While looking back to the SARS epidemic may provide some comfort, China was nowhere near as important to the global economy as it is now – both from a pure consumption viewpoint, as well as a supply chain basis. Investors appear to be broadly looking through this crisis, but the immediate economic impact is likely to be material. This would be no surprise to anyone who has seen drone footage of the ghost towns that are the major Chinese cities over the past couple of weeks. However, the growth rate of new cases appears to be slowing (complicated by how cases of the virus are being confirmed), and if markets do follow a similar path to SARS, they never looked back after the absolute number of new cases peaked.
Right now commodities are front and centre of the firing line. Reduced activity in China has reportedly cut the nation’s daily usage of oil by 3 million barrels a day (that would be a fifth of the typical demand). There are stories of Chinese copper traders cancelling or delaying shipments as the outbreak hits demand – declaring force majeure (known in laymen’s terms as the ‘act of God’ loophole). China consumes half the metal used globally each year. It’s a stark reminder of both the risk and opportunity that China presents to investors. The impact is far reaching: Chile feels the impact of the copper slump while factories in Europe are at risk of closing down as they can’t get essential parts usually sourced from China. Globalisation works backwards as well as forwards.
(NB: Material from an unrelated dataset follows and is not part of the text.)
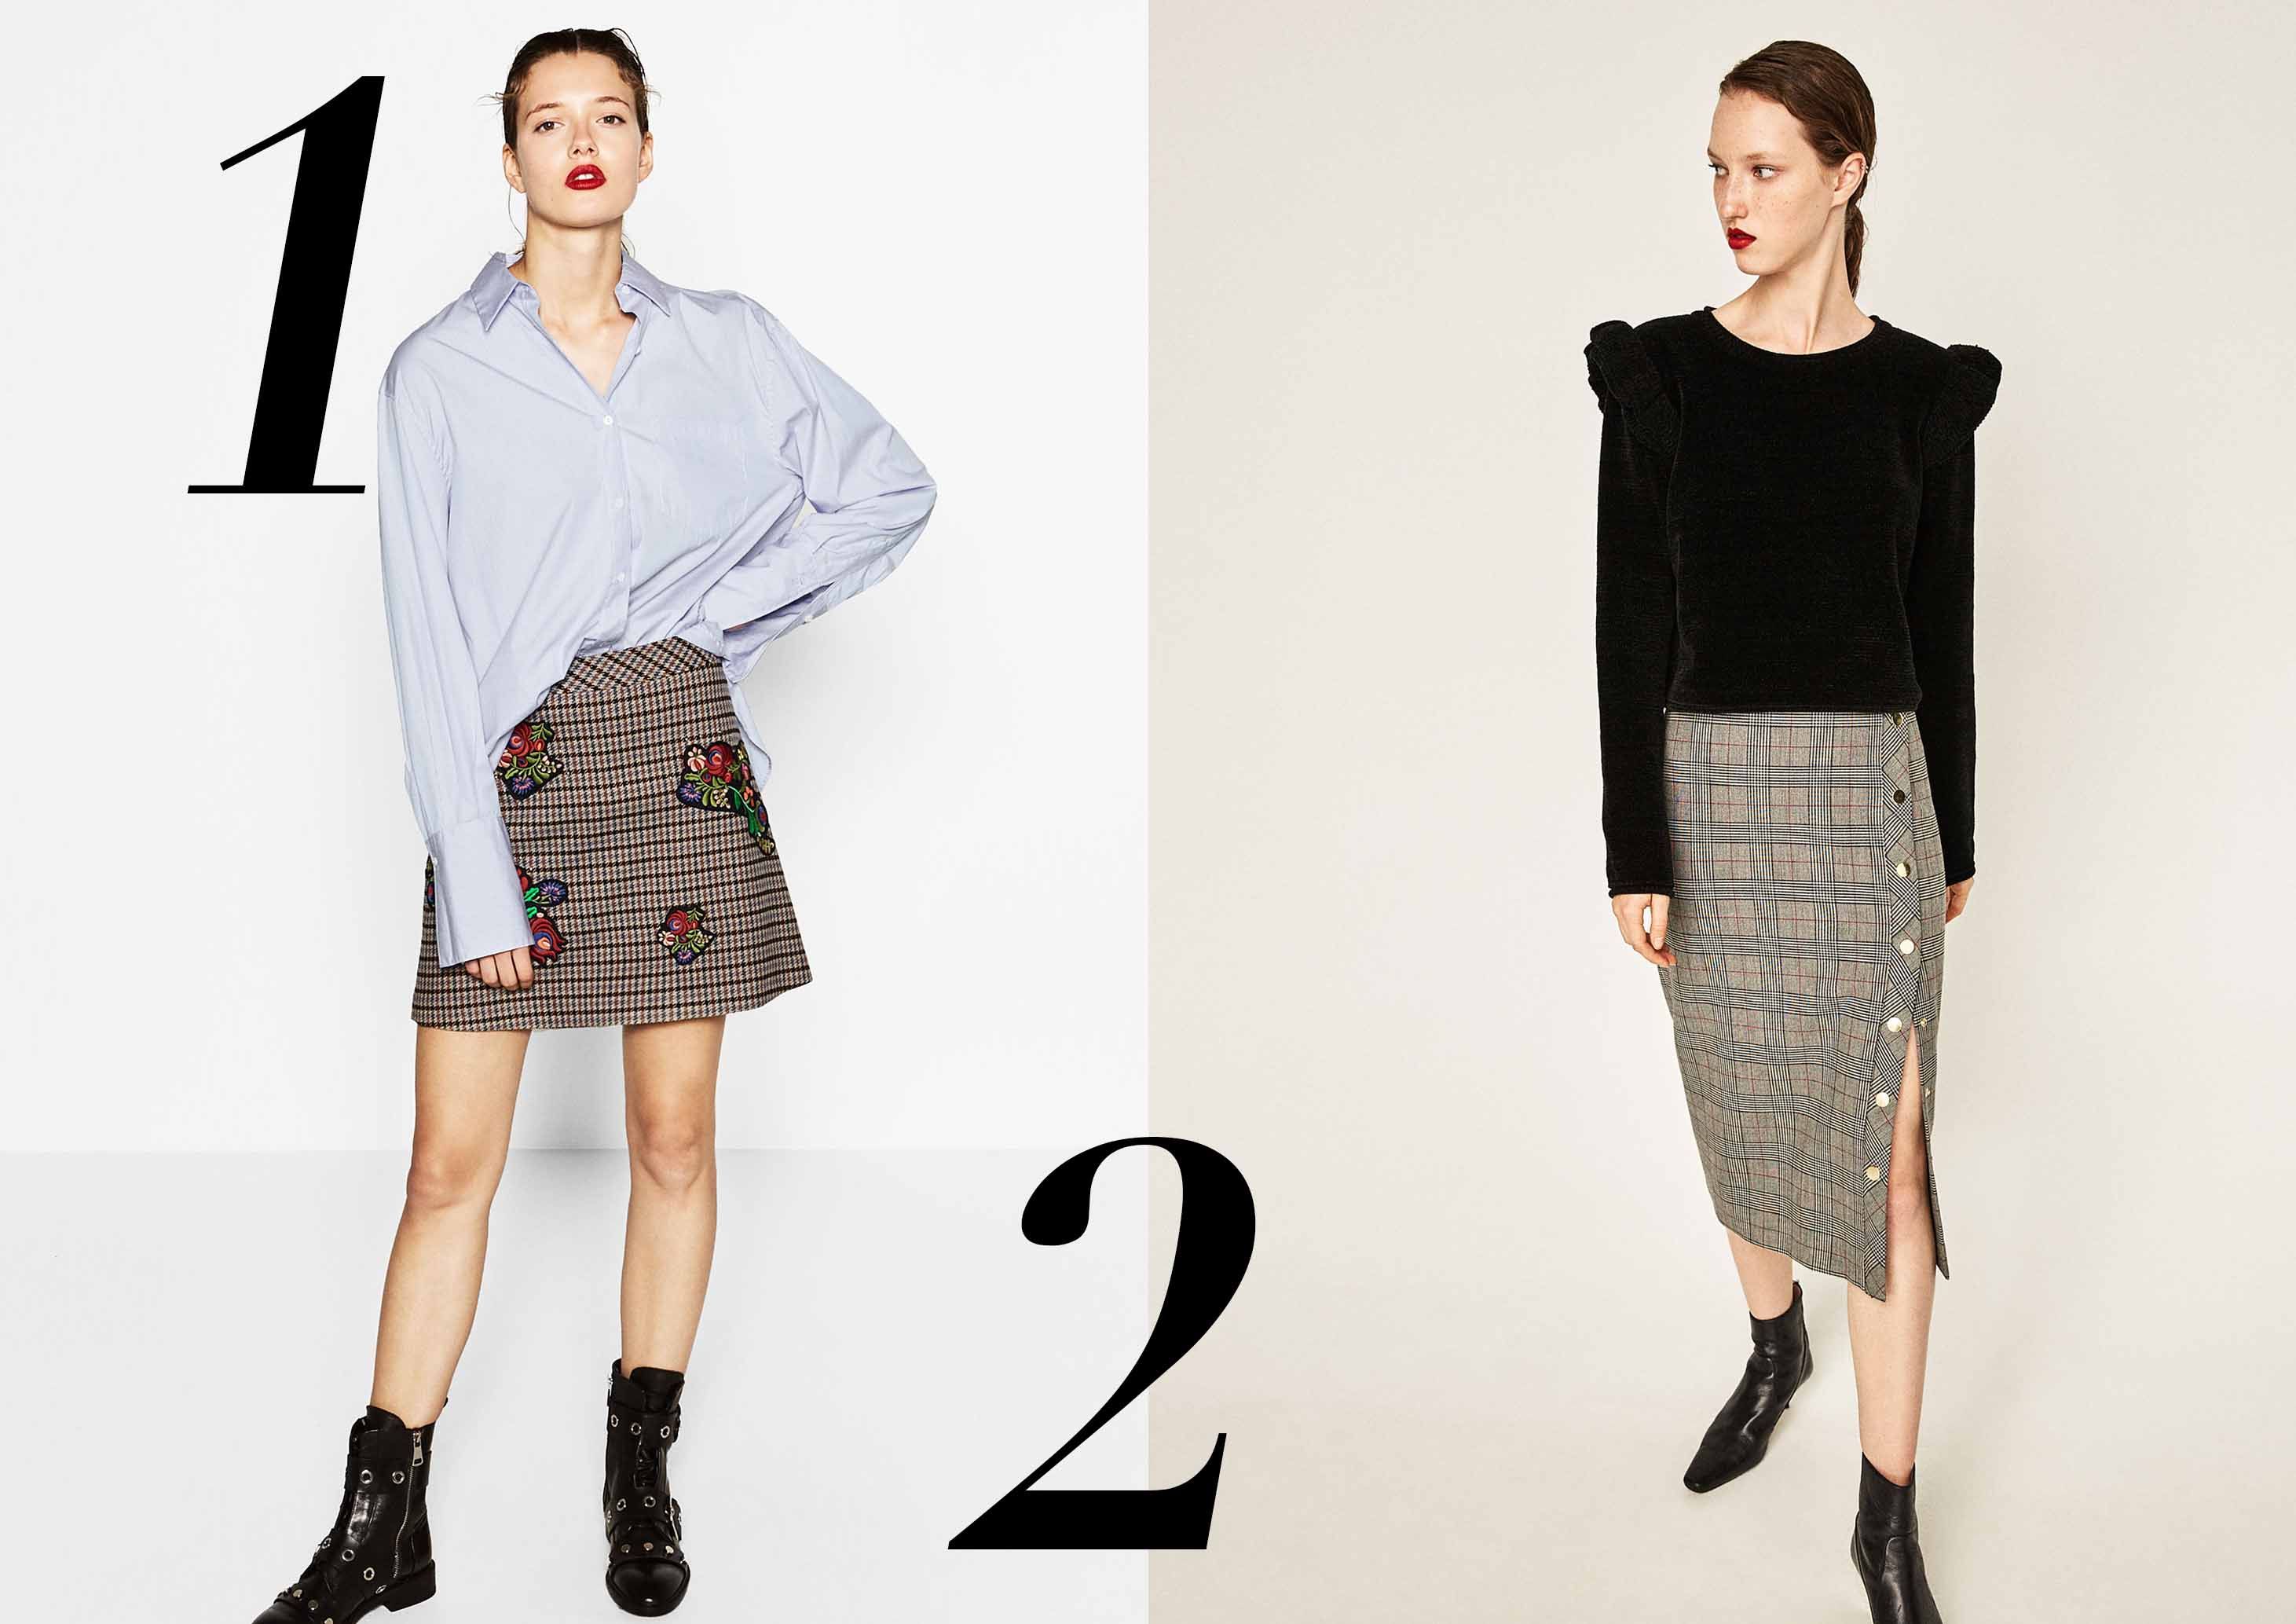 Out of Idea For Office Look?  Let's Show On Point With Plaid Print

Some of the more interesting reactions have been at the company level. The obvious suspects with material Chinese footprints, such as our holding Estee Lauder, have generally lowered full-year guidance. Albeit, now that people can still buy online the impact is perhaps less than it might have been. Another of our investments, TravelSky (a Chinese airline ticketing business), has unsurprisingly been hit harder because of the dramatic drop in Chinese air travel. At the more niche end, it’s definitely squeaky bum time for those who bought the recent World Bank catastrophe bond issue (not us). These will essentially default if the current virus grows from ‘epidemic’ to ‘pandemic’, as the money will be used to fight the global outbreak.
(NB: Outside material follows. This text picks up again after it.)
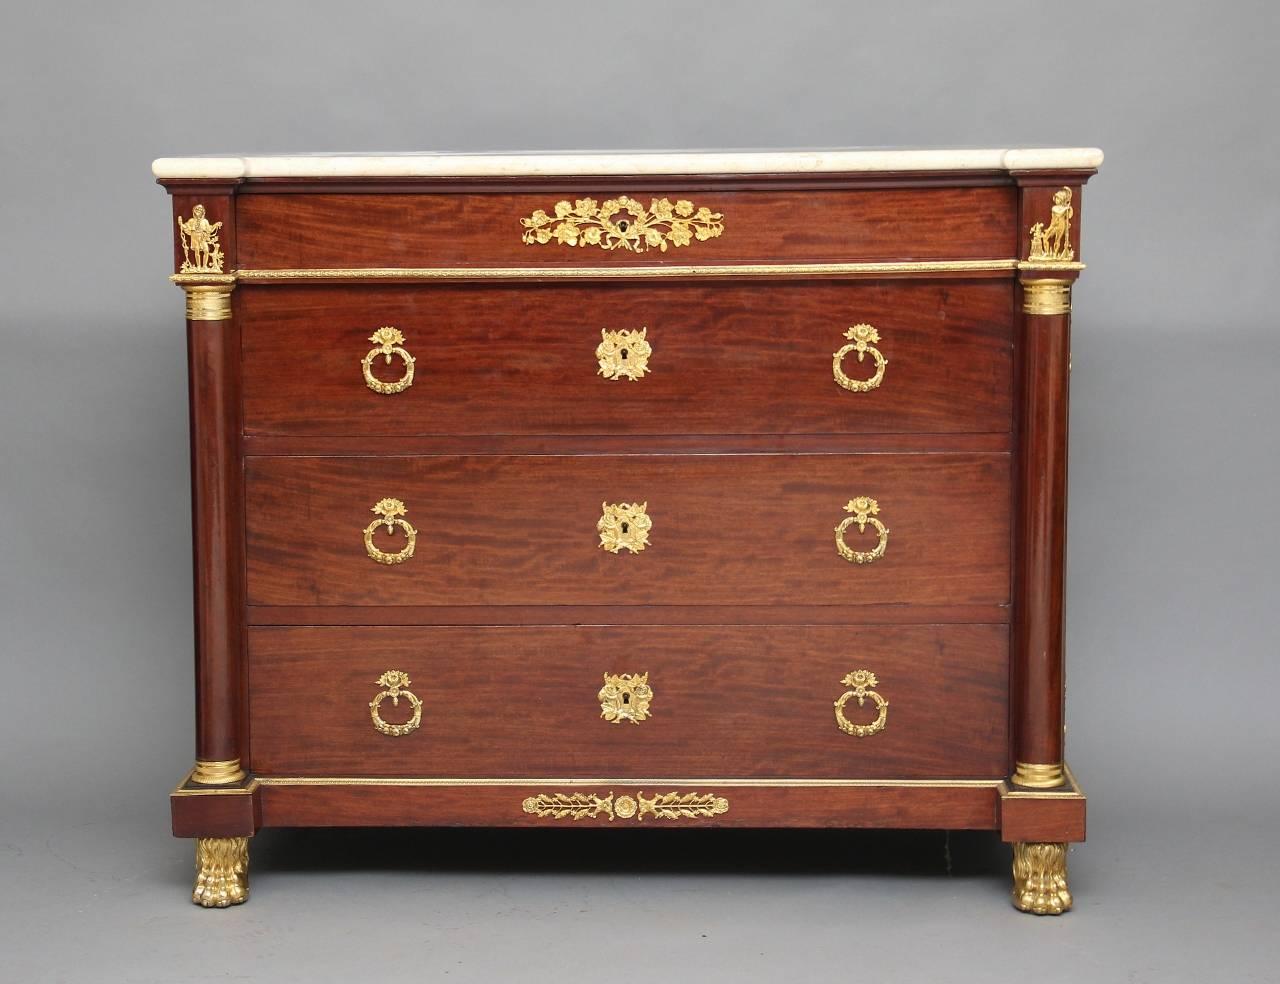 19th century French mahogany commode with a later marble top, decorated profusely on both sides and the front in original ormolu, the commode having a frieze drawer just below the marble top and three long oak lined drawers below flanked by ormolu

Remarkably, some share prices have actually been boosted by the outbreak. I can’t claim that when we bought Clorox last year that I knew it would be a hedge to a medical crisis that was in no-one’s 2020 outlook. It sells disinfecting wipes. An even better hedge would have been a Japanese face mask company, whose share price went bananas, soaring about 750% in January (not one we own). And Chinese internet giant Tencent, a long-time holding for us, has been doing well as the whole country stays at home. It’s helping alleviate the cabin fever of millions with games and videos. According to local media, gaming hit record highs during the virus outbreak, with record numbers of players on their Peacekeeper game briefly bringing down Tencent’s servers.
Thankfully the few cases of this virus in the UK appear to be contained for now, and we can only hope it stays that way for the sake of the country and the economy. The general cold and flu season on the other hand appears to be in full swing (at least, in our office), and so this Valentine’s Day I’ll be staying home and firing up the PlayStation.